June 2022 \ Business & Investment \ BUSINESS NEWS—STARTUPS
Layoffs despite startups being flush with funds

After funding galore that saw more than $42 billion flowing in the Indian startup ecosystem last year alone, the current layoff season has shaken up the country’s workforce, especially the young, who quit traditional, stable companies to join startups at crazy packages

By Nishant Arora

Several sales executives have also quit BYJU’s after they were asked by the HR team to join various locations on meagre salaries. Edtech platform Unacademy first laid off nearly 600 employees, contractual workers and educators—about 10 percent of its 6,000-strong workforce across the group—in April. Unacademy’s co-founder and CEO Gaurav Munjal has predicted a funding winter that can last as long as 18 months, saying it will cut costs wherever required to weather the dry spell and become profitable.

In a letter to employees, Munjal said that “we must learn to work under constraints and focus on profitability at all costs”. “Some people are predicting that this (funding winter) might last 24 months. We must adapt. This is a test for all of us. We must learn to work under constraints. We must focus on profitability at all costs. We must survive the winter,” he wrote. Another online learning company Vedantu has fired more than 424 workers owing to “financial constraints”.

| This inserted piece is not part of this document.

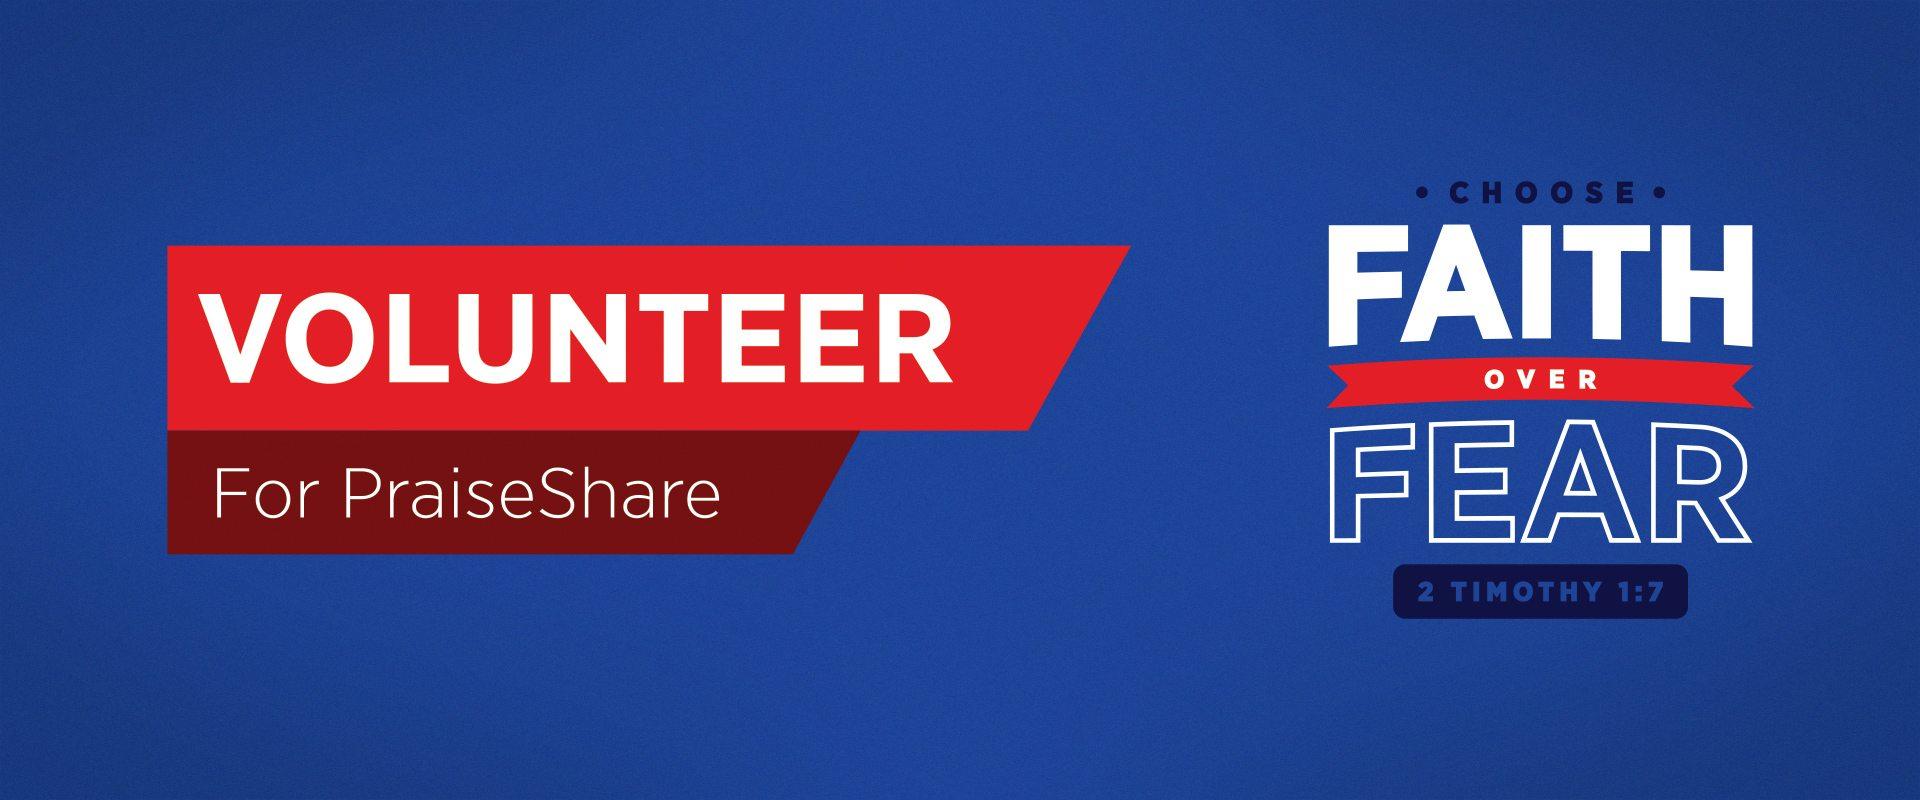 2016 Volunteer for PraiseShare Fall

According to Vamsi Krishna, CEO and co-founder of Vedantu, the external environment is tough as the Russia-Ukraine war, impending recession fears, and Fed rate interest hikes have led to inflationary pressures with massive correction in stocks globally and in India.

“There is no easy way to say this but I am truly sorry. Out of 5,900 Vedans (employees), 424 of our fellow teammates, i.e. about 7 percent of our company, will be parting with us,” Krishna said in May. Healthtech platform mFine has laid off over 50 per cent of its total workforce (more than 500 employees) from operations, product and marketing verticals, according to sources. Shripati Acharya, managing partner, Prime Venture Partners, told IANS that they are in unprecedented times and the steep change in macro-conditions is particularly difficult on companies who are in active fundraise right now.

Prime Venture Partners is one of its existing investors in mFine. “Unfortunately, restructuring and layoffs are inevitable in such scenarios and are very hard decisions for entrepreneurs to make. MFine has built a great product which is being used by millions of people and has built a huge hospital network with esteemed doctors,” Acharya said. Pre-owned e-commerce platform CARS24 has asked around 600 employees to go on the basis of “poor performance”. “This is business as usual as these are performance-linked exits that happen every year,” the company said in a statement shared with IANS. The platform was last valued at $3.3 billion, about double the valuation from its previous round in September 2021.